We demonstrated a scientific workflow utilizing two key instruments:
- c profile: Python’s built-in profiler. Used to gather detailed information about perform calls and execution time.
- snake biz: A visualization software that transforms cProfile information into an interactive “icicle” graph. This makes it simple to visually establish which components of your code are spending essentially the most time.
This text makes use of a case research of an deliberately sluggish script that was designed with three important bottlenecks:
- Recurring certain duties: A perform that known as hundreds of thousands of occasions inside a loop.
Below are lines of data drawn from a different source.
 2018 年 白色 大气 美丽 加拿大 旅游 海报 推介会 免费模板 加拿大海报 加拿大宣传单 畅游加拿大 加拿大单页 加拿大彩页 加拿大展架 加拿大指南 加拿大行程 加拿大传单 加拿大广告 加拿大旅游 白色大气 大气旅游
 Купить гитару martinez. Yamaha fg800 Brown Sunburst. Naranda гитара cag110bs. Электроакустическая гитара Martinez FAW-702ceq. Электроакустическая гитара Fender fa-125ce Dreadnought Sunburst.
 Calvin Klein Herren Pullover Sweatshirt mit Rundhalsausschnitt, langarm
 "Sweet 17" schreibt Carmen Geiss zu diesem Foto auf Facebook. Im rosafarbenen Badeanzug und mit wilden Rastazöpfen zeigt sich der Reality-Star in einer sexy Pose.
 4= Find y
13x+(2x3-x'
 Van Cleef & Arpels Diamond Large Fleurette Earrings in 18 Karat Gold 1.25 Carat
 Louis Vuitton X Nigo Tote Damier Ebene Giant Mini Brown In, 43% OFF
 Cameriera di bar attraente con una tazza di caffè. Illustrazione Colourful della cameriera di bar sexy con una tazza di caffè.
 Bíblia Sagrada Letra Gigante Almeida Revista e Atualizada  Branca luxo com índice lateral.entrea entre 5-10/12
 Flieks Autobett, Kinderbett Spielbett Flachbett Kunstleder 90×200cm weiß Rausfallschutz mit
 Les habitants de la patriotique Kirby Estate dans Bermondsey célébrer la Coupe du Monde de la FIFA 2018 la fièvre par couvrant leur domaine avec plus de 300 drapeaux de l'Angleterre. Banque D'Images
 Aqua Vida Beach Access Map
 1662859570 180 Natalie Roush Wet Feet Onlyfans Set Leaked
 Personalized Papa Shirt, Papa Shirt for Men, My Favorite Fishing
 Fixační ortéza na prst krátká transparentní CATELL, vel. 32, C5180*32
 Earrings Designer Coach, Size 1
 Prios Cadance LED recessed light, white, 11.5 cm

This reveals the efficiency value (“loss of life by 1000 disconnects”) of Python’s perform name overhead.
- CPU-intensive duties: A for loop that performs hundreds of thousands of mathematical calculations. This highlights the inefficiency of pure Python for heavy quantity processing.
- Reminiscence-constrained duties: += Massive strings constructed inefficiently utilizing repeated concatenations.
By analyzing Snakeviz’s output, we pinpointed these three points and utilized focused fixes.
- The iteration bottleneck was mounted as follows: Remove pointless loops.
- The CPU bottleneck was solved by vectorization utilizing NumPy, which performs mathematical operations in quick compiled C code.
- The reminiscence bottleneck was mounted by including the string half to the checklist and utilizing a single environment friendly ”.. take part() telephone.
These fixes offered a dramatic speedup and considerably decreased script execution time. 30 seconds simply until the tip 6 seconds. Lastly, we demonstrated that the profiler will be reused to establish important points even after they’ve been resolved. newthe small bottleneck signifies that efficiency tuning is an iterative course of primarily based on measurements.